Here we will identify outliers, by looking at the bacteria count at the last time-step across all experiments.
An experiment is considered an outlier if its final bacteria count, is more than two standard deviations from the mean of all experiments’ final counts. You can use the function get_mean()
and get_std()
from the previous exercise to calculate the mean and standard deviation.

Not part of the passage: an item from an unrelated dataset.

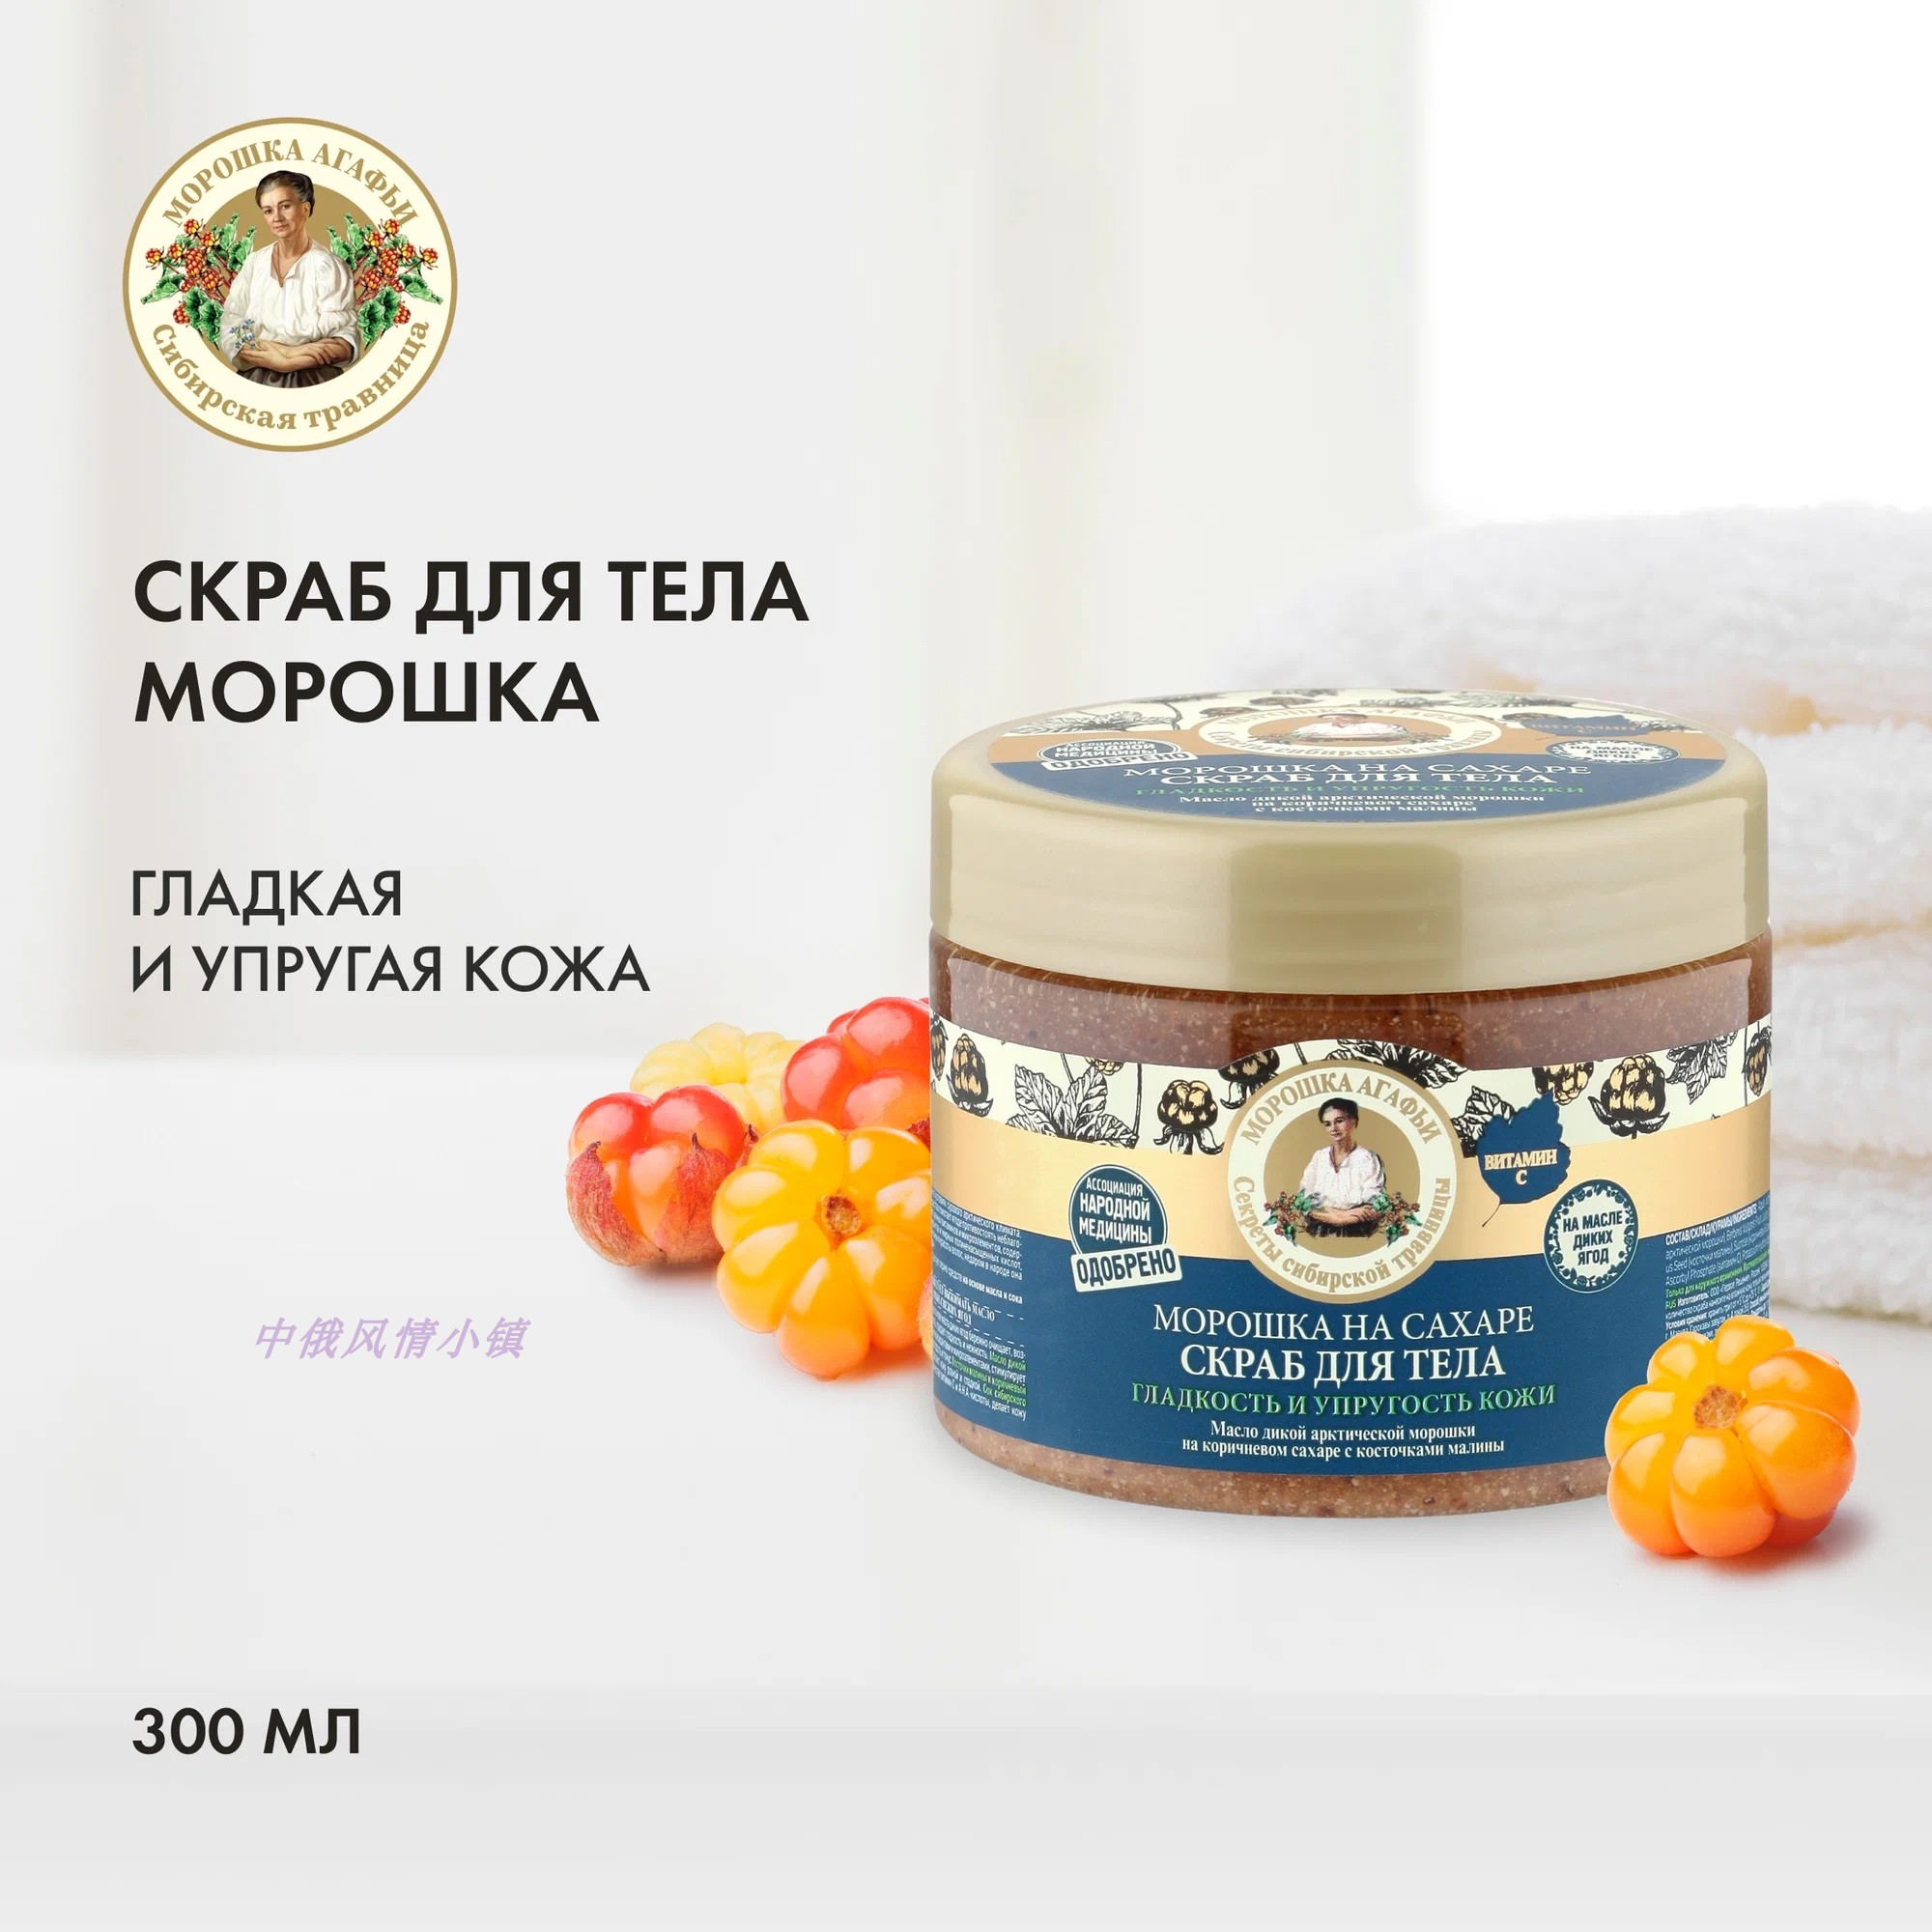 俄罗斯婀卡菲娅老奶奶芸莓果磨砂膏深层清洁去角质滋养肌肤300ML

Therefore, you should write a function that examines data
and returns
a numpy array with the experiment index (the number in the filename) of the outlier experiments.
The function should be able to handle data
of any size, that is any number of experiments and any number of time-steps.
You can use np.where
to convert from a boolean array to an array of indices.
Add your function to the file cp/ex11/outliers.py
to be able to test and hand-in your solution.
- cp.ex11.outliers.outliers(data)#
Return the outliers of a dataset.
- Parameters
data (
ndarray
) – The data to search.- Return type
ndarray
- Returns
The outliers of the data.
Exercise 11.10 Image Area#
Here is an image of the bacteria, located in cp/ex11/files/bacteria.npy
We want to calculate how much of the image is covered by bacteria. We consider only pixels with a value over 100 to be bacteria.
(Source code
, png
, hires.png
, pdf
)
![../_images/ex11-3.png](../_images/ex11-3.png)
Hint
Apply a threshold of 100 to create a binary image consisting of ones and zeros, determined by pixel intensity. By computing the mean of this binary image, you can calculate the fraction of the image occupied by bacteria (where pixel intensity is greater than 100)
Add your function to the file cp/ex11/bacterial_area.py
to be able to test and hand-in your solution.
- cp.ex11.bacterial_area.bacterial_area(npy_path)#
Calculate the fraction of the image where pixel intensities are greater than 100.
Parameters: :type npy_path:
str
:param npy_path: Path to the image data file in NumPy format. :rtype:float
:return: The fraction of area in an image where there are bacteria.